Selective - The Specific Surface
All the results presented above show, that the detection of antigen-antibody interactions is possible with the PDITC surface chemistry. But as we need a specific surface to bind antigens out of our cell-free expression mix, we wanted to build up a Ni-NTA (Nickel-Nitrolotriacetic acid) surface and therefore genetically fused all our target proteins to a 10x histidine tag. We established a protocol for the Ni-NTA surface and optimized it. The protocol was optimized until the unspecific binding of other proteins from the cell free mix was reduced to a minimal. To determine the specificity of our Ni-NTA surface we compared it to the PDITC surface. To asses the purification properties we used complete E. coli lysate transformed with either a tagged or an untagged GFP-construct. Additionally, purified His-GFP that was used in previous experiments was spotted and fluorescence intensity was measured. Figure 5 shows the intensities obtained for all spots: the intensity for the His-GFP lysate on the Ni-NTA surface is about four times higher than on the PDITC surface, while the values for the purified His-GFP are in a comparable range. The mean intensity for the untagged GFP-lysate spot is in the range of the background for the Ni-NTA surface and just slightly higher for the PDITC surface, which shows that GFP cannot bind to Ni-NTA without a His-tag. The low fluorescence intensities for GFP lysate on PDITC is due to the fact, that non-fluorescent proteins in the lysate are bound as efficient as GFP. This way the surface is blocked for further GFP molecules and overall fluorescence decreases compared to the specific Ni-NTA surface.
After we demonstrated that we can successfully bind his-tagged proteins to our Ni-NTA surface, we attempted to immobilize our cell-free expressed His-GFP-Lysate on this surface. You can find the results for this crucial part of our project on the main results page.

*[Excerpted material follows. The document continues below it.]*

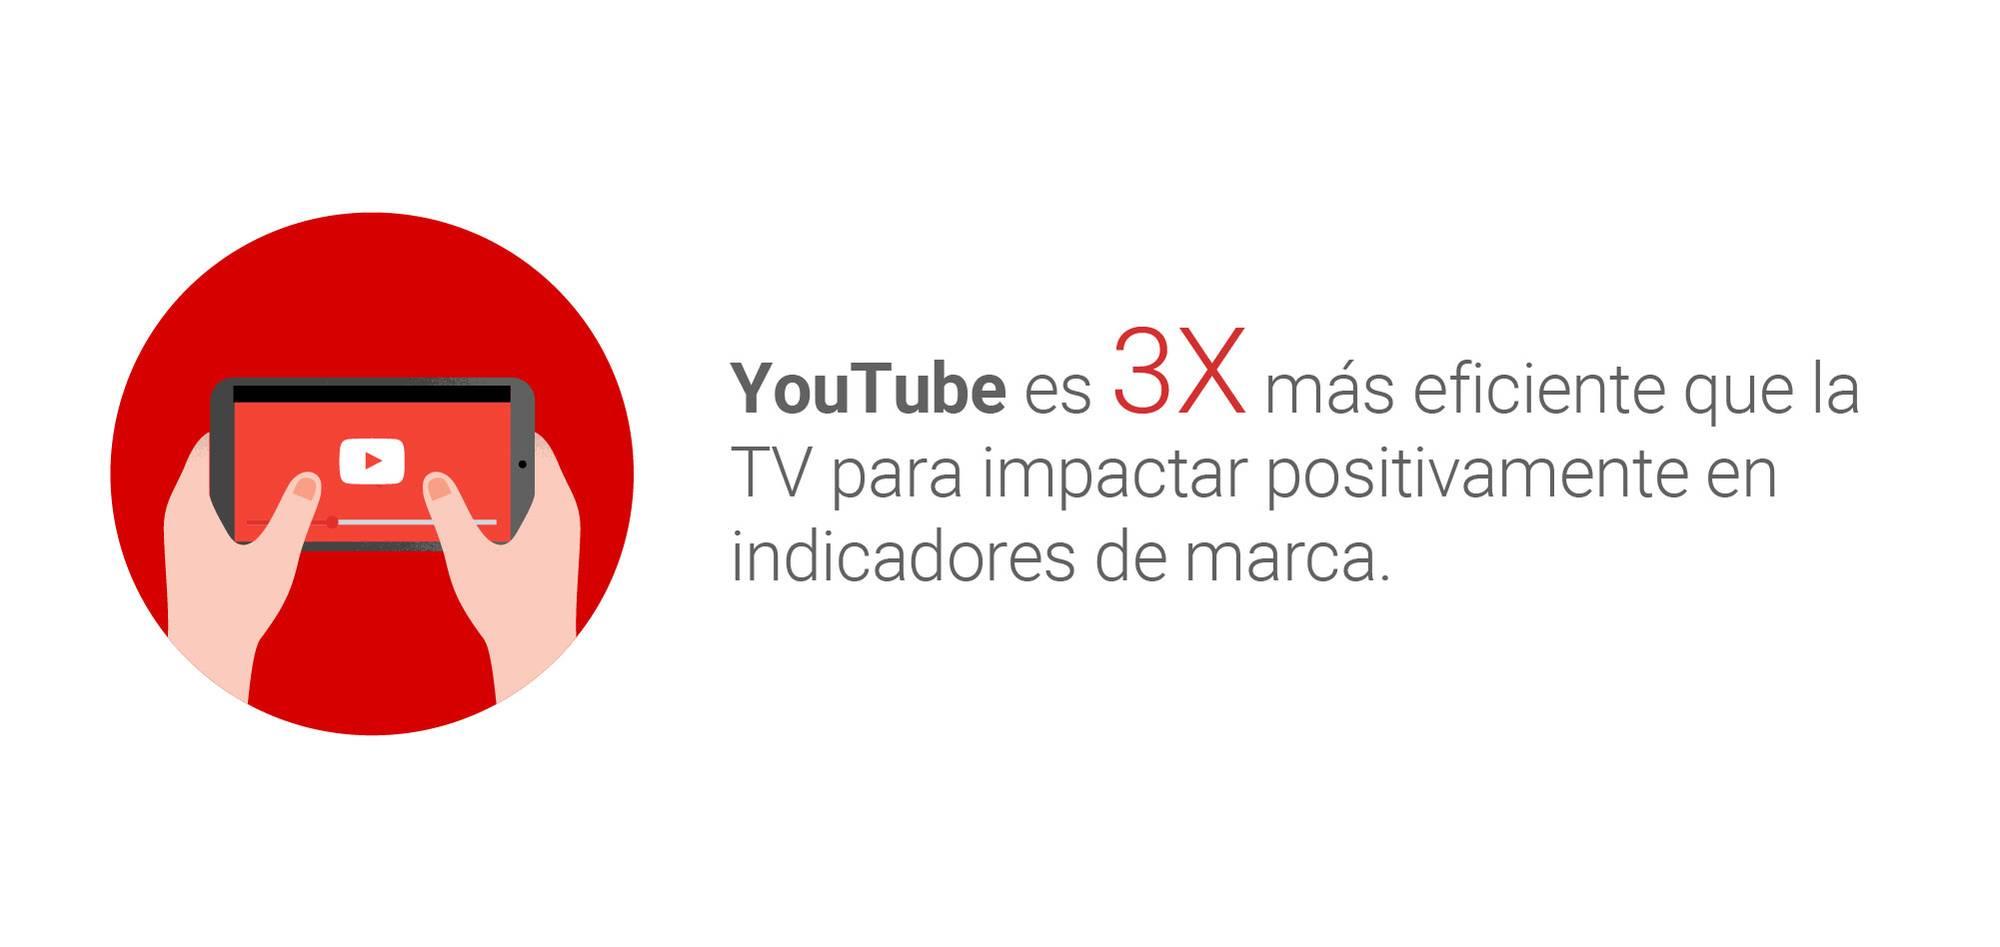 Youtube Vs TV

Covalent - Other Surface Systems
On the way to find the surface best suited for our needs we also worked with the Promega HaloTag system. The HaloTag, that can be fused to target proteins, binds covalently to chloroalkanes which are immobilized on the surface. We tested several ligands, which differed in length of the alkane chain and surface attachment method. The ligand working best for us was a 3-chloropropylsilane, which we directly immobilized on plasma activated iRIf slides. To test the surface we pipetted our self-expressed Halo-GFP and Halo-mCherry as well as purified Halo-GFP as a positive control and purified untagged GFP as a negative control. Both controls were obtained from the group of J. Piehler from Osnabrück. As an additional negative control we spotted bBSA. The iRIf measurement showed that the Halo-tagged GFPs were successfully immobilized on the surface. Unfortunately there was a lot of unspecific binding, so that at the negative control spots nearly as much binding to the surface as at the positive control spots. The optimizations that would be necessary to establish a specific surface based on the HaloTag system could not be performed due to time limitations. We decided to continue our work with the Ni-NTA surface which was established for future experiments.
Validation of Our Controls
Given that we were using purified His-tagged GFP for evaluation of our self-made surfaces and in further experiments as positive control we validated it by Western Blot. Therefore, we showed the presence of His-GFP with anti-His HRP conjugate (Figure 8A). Additionally, we used the specific anti-GFP antibody (Figure 8B) as for the detection in iRIf.